DaVinci Resolve: The Free Version

Released: DaVinci Resolve Lite

Resolve's Node-Based Interface

BlackMagic has posted a Public Beta of DaVinci Resolve Lite: a free version of BlackMagic’s $999 DaVinci Resolvw for Mac. Here are the details from the Read Me:

DaVinci Resolve Lite includes all the same high quality processing of the full DaVinci Resolve. However it limits projects to HD resolutions or less, only two color correction nodes, a single processing GPU and a single RED rocket card. Stereoscopic 3D features, noise reduction, Power Mastering, remote grading, and sharing projects using an external database server are features only offered in the full DaVinci Resolve and so are not included in this free DaVinci Resolve Lite edition. Customers who want to eliminate these restrictions can purchase the full DaVinci Resolve Software for only US$995.

The removed features seem pretty reasonable.
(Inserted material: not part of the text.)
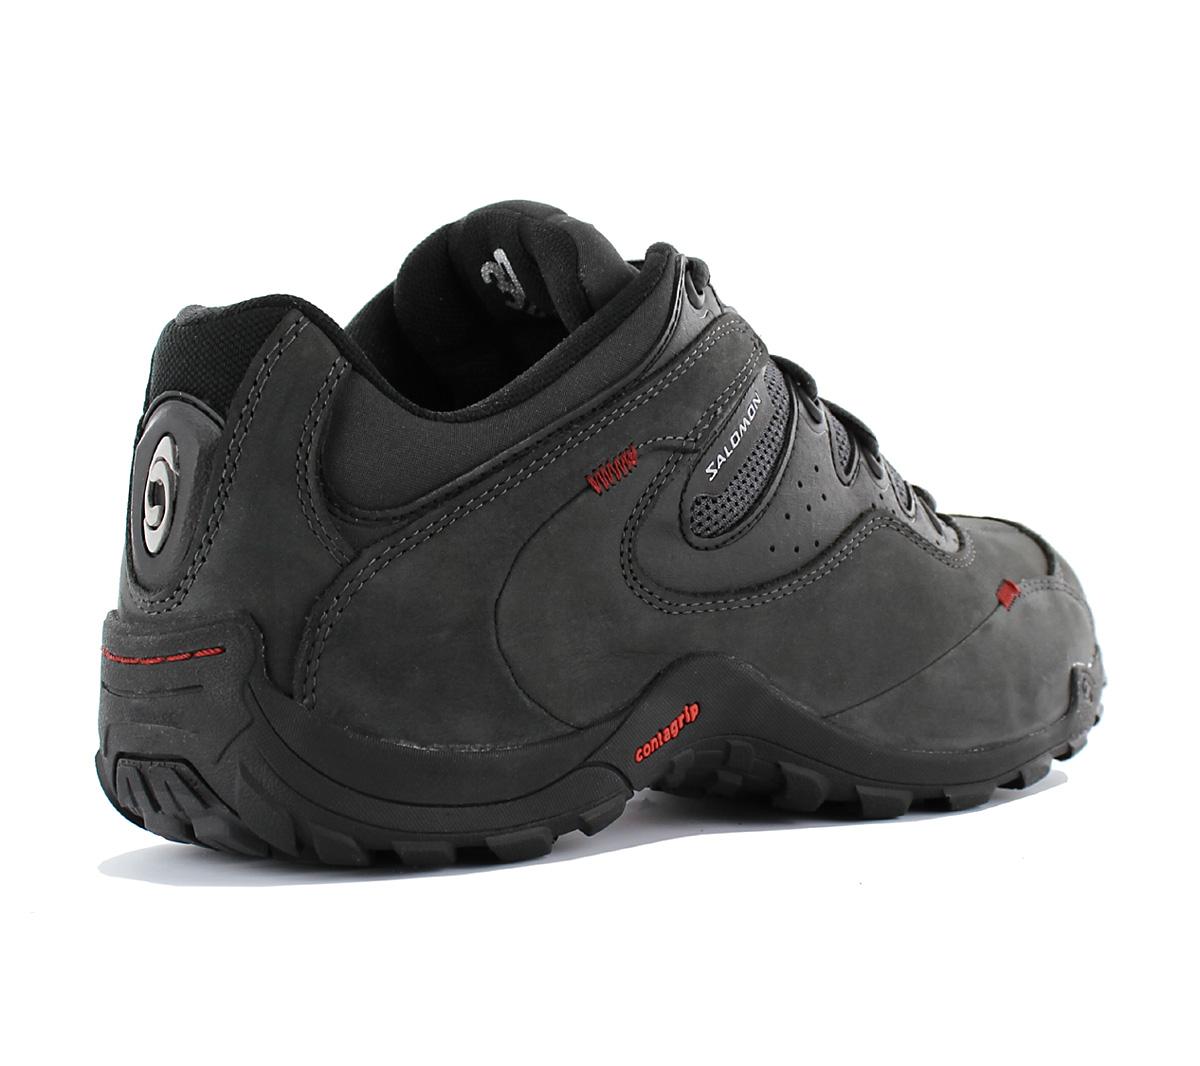 M Grey Salomon New Shoes Trekking Men's Outdoor Hiking Elios 2 OHqnxHwE7

The 2-node restriction doesn’t allow for the more complicated Parallel, Key, and Mix nodes – which are ‘power user’ features. Yet it still supports a GPU + Red Rocket card.

BlackMagic has struck a nice balance between giving away a very powerful color grading solution but holding back enough key features that owners of the paid versions won’t complain too much.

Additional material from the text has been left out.